The size and detail of their results will be useful to other researchers involved in spatial mapping and simulated sky surveys, shedding light on the underlying physical processes at work. But to keep the model faithful to reality, the researchers need to represent the extreme variability of matter as it coalesces under gravity, becoming many orders of magnitude more dense in local areas.

"We need to zoom in on these dense regions to capture the key physical processes - including gravitation, flows of normal and 'dark' matter, and shock heating and radiative cooling of the gas", stated Michael Norman. "This requires ENZO's 'adaptive mesh refinement' capability."

Adaptive mesh refinement (AMR) codes begin with a coarse grid spacing, and then spawn more detailed (and more computationally demanding) subgrids as needed to track key processes in higher density regions.

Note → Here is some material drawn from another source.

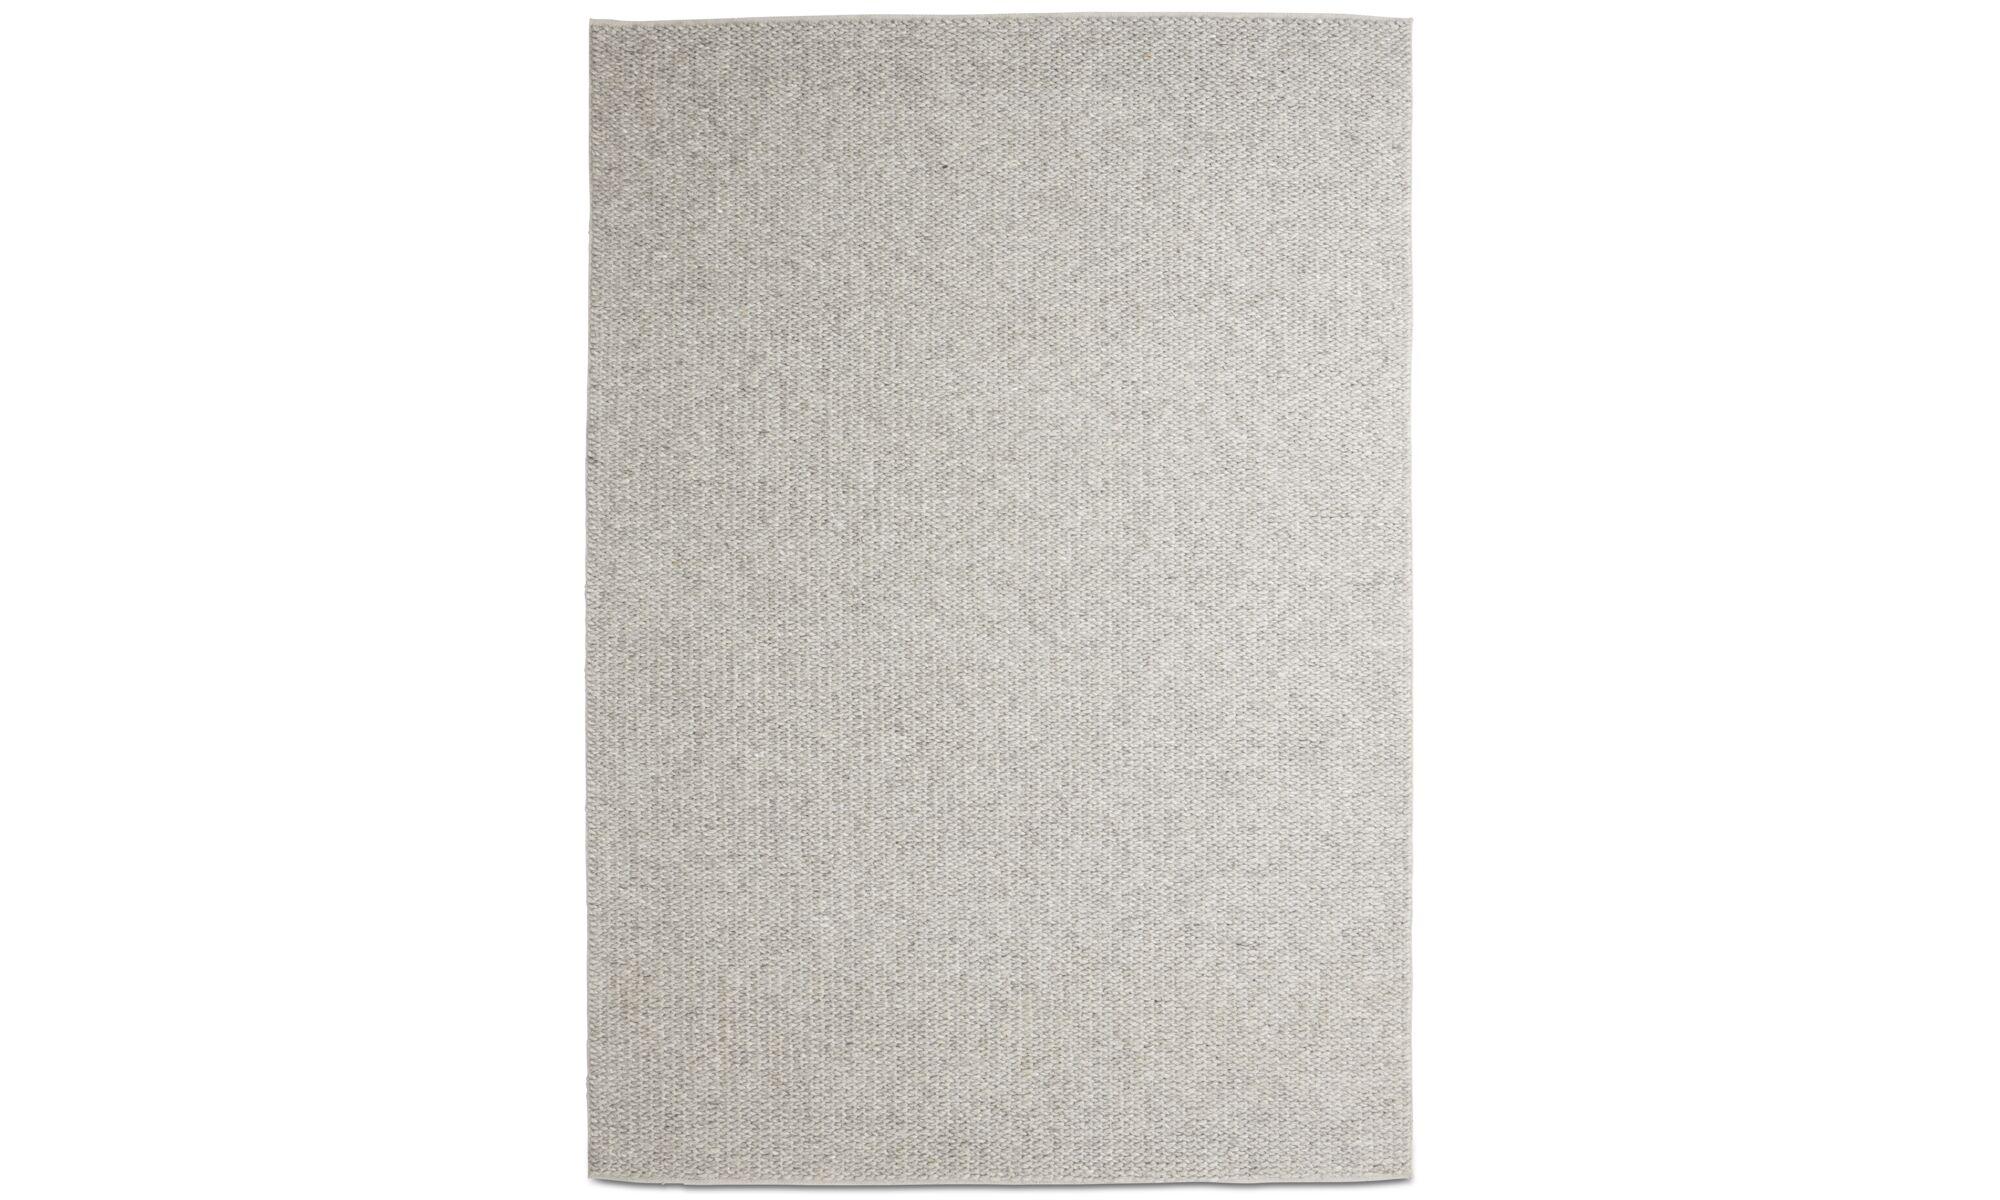 Teppiche - Scandinavia Teppich - rechteckig - Grau - Wolle

"We achieved unprecedented detail by reaching seven levels of subgrids throughout the survey volume - something never done before - producing more than 400,000 subgrids, which we could only do thanks to the two large-memory TeraGrid systems", stated San Diego Supercomputer Center's computational scientist Robert Harkness, who carried out the runs with astrophysicist Brian O'Shea of Los Alamos National Laboratory.

Running the code for a total of about 500,000 processor hours, the researchers used 2 TB of memory (around 2000 times the memory of a typical laptop) on the IBM DataStar at SDSC and 1.5 TB of shared memory on the SGI Altix Cobalt system at NCSA. To achieve these computations, an ASTA collaboration between Robert Harkness and Michael Norman's group made major improvements in scaling and efficiency of the code.